Strangely the Audit Office offers advice that the ministries should begin their spending earlier in the year without any apparent recognition that the process cannot really begin until the budget is approved. The Audit Office, of all places, should recognise too that inherent in the haste to push projects is the risk that procedures and controls will be overlooked, facilitating fraud, sloppy work and loss of resources; the very matters against which the the office is supposed to guard.

Minister’s failure to report
In the 2010 Budget the Minister of Finance had budgeted for the receipt of $6,150M as Miscellaneous Receipts of Norway funds. In fact none came. So the clever Finance Minister did a novel thing. In place of the $6,472M he brought into the books some $14,381M of which $11.117 B represented “the net outcome of the closure of inactive accounts, and retiring long outstanding obligations in relation to the issuance and redemption of Government Securities. Also included in the sum of $14.367 billionwas an amount of $2 billion, which represented revenue received through the Guyana Geology and Mines Commission.”

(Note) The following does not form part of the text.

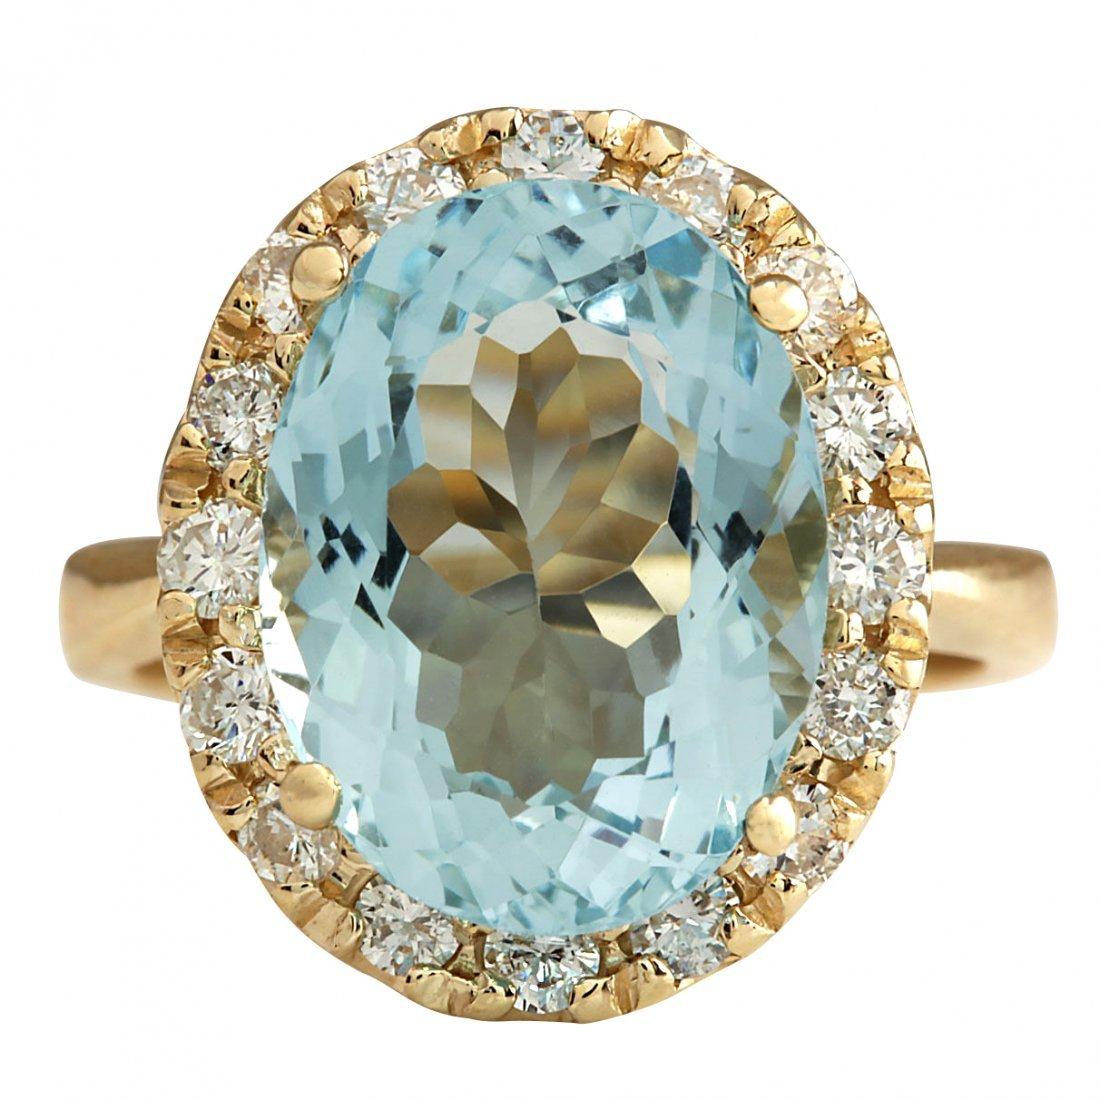 5.32CTW Natural Aquamarine And Diamond Ring 14K Solid

Yet, the Minister did not think that this matter was worthy of a comment in his report to the National Assembly on the performance and outcome for 2010 when he presented the 2011 Budget for approval. That in my view borders on deception and one has to wonder whether this was repeated in 2011 – an election year in which an even larger sum ($14 billion) was projected to be received under the Guyana-Norway agreement.

Declining lottery funds
In 2010, the sum of $255M was received as proceeds from the Guyana Lottery Company, being Guyana’s 24% share of the lottery’s gross takings. Expenditure for the year from the fund was $38M, but unlike previous years, the 2010 Report provides no details of the expenditure except to say that “The above expenditure was within the National Sectors previously identified and was in accordance with the guidelines for access to the Lottery funding, which included funding for activities that promoted cultural and youth and sports development, financed medical treatment overseas and economic support for disadvantaged groups, among others” – hardly the kind of generalisations one expects from any auditor, let alone the state auditor.

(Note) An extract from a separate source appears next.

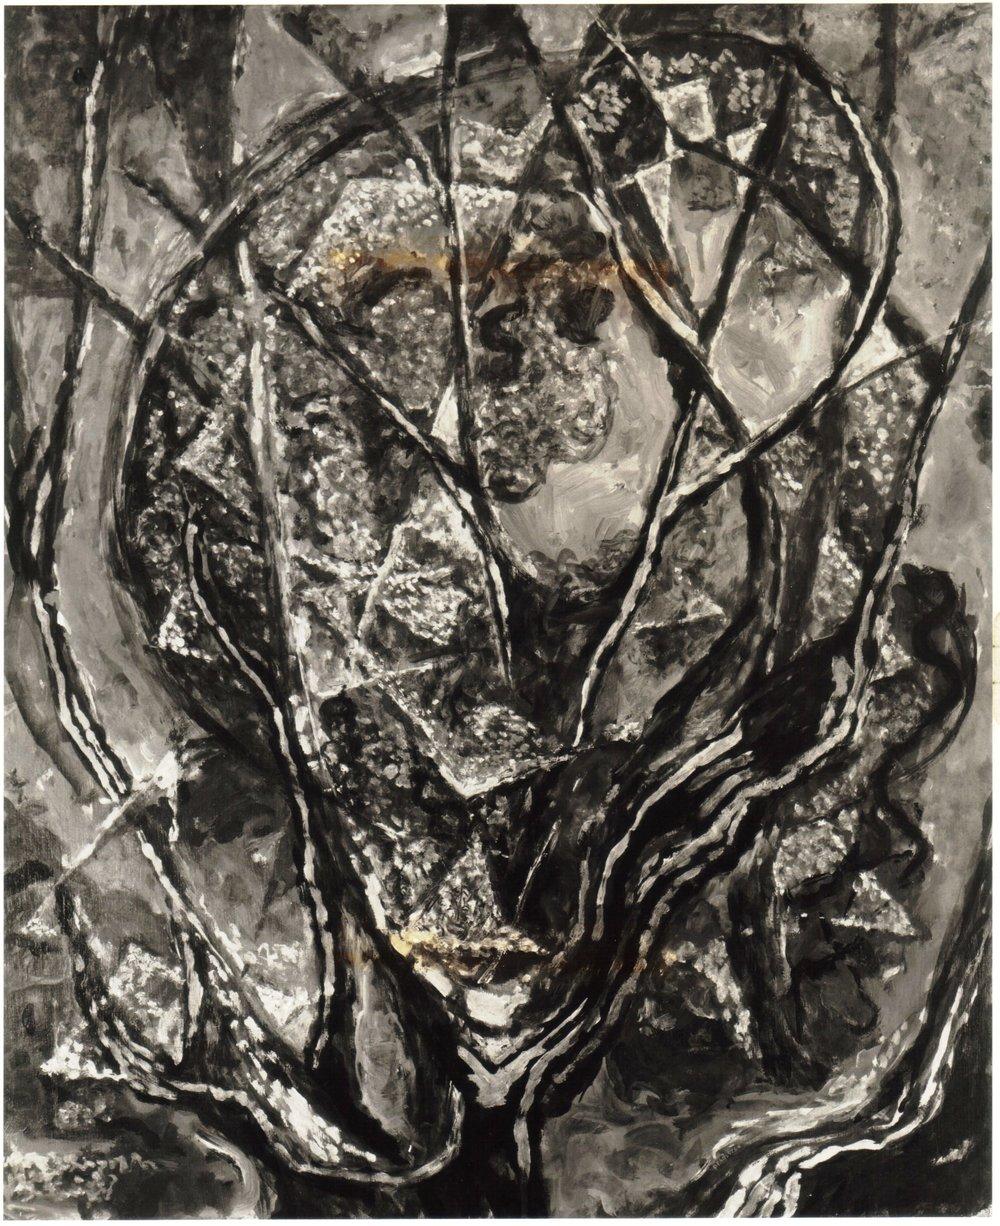 27. 1948, Tree Branches, Casein on Masonite, 30x25, 1948.jpg

The Audit Office appears to have reversed an eleven year view that the lottery funds should be credited to the Consolidated Fund, apparently relying on a self serving “opinion” by the former Attorney General. I have seen a copy of that note from the Attorney General and in my view it defies both logic and law, but appears to have been welcomed by the Auditor General.

Deposit funds
The public accounts continue to treat cavalierly with various deposit funds it holds, representing sums of money that should be paid out at some future time. Particularly, there is uncertainty surrounding the accuracy of $1.477 billion shown as deposits held for investments on behalf of the Sugar Industry Labour Welfare Fund, the Sugar Industry Rehabilitation Fund and the Sugar Industry Price Stabilisation Fund.

What is worse is that the Audit Office which is charged with responsibility for auditing these funds has not done so, in two cases for more than thirty-two years! That is scandalous and it is surprising that the union has not taken up the issue in relation to the Sugar Industry Labour Welfare Fund.

A similar concern exists in relation to the Dependants’ Pension Fund, the deposit account for which shows an amount of $501.269M. However, the audited accounts of the entity for 2010 reflected a balance of $666.376M, resulting in an unaccounted difference of $165.107M between the Deposit Fund and that of the entity. Sadly, this has been the state of the account for several years.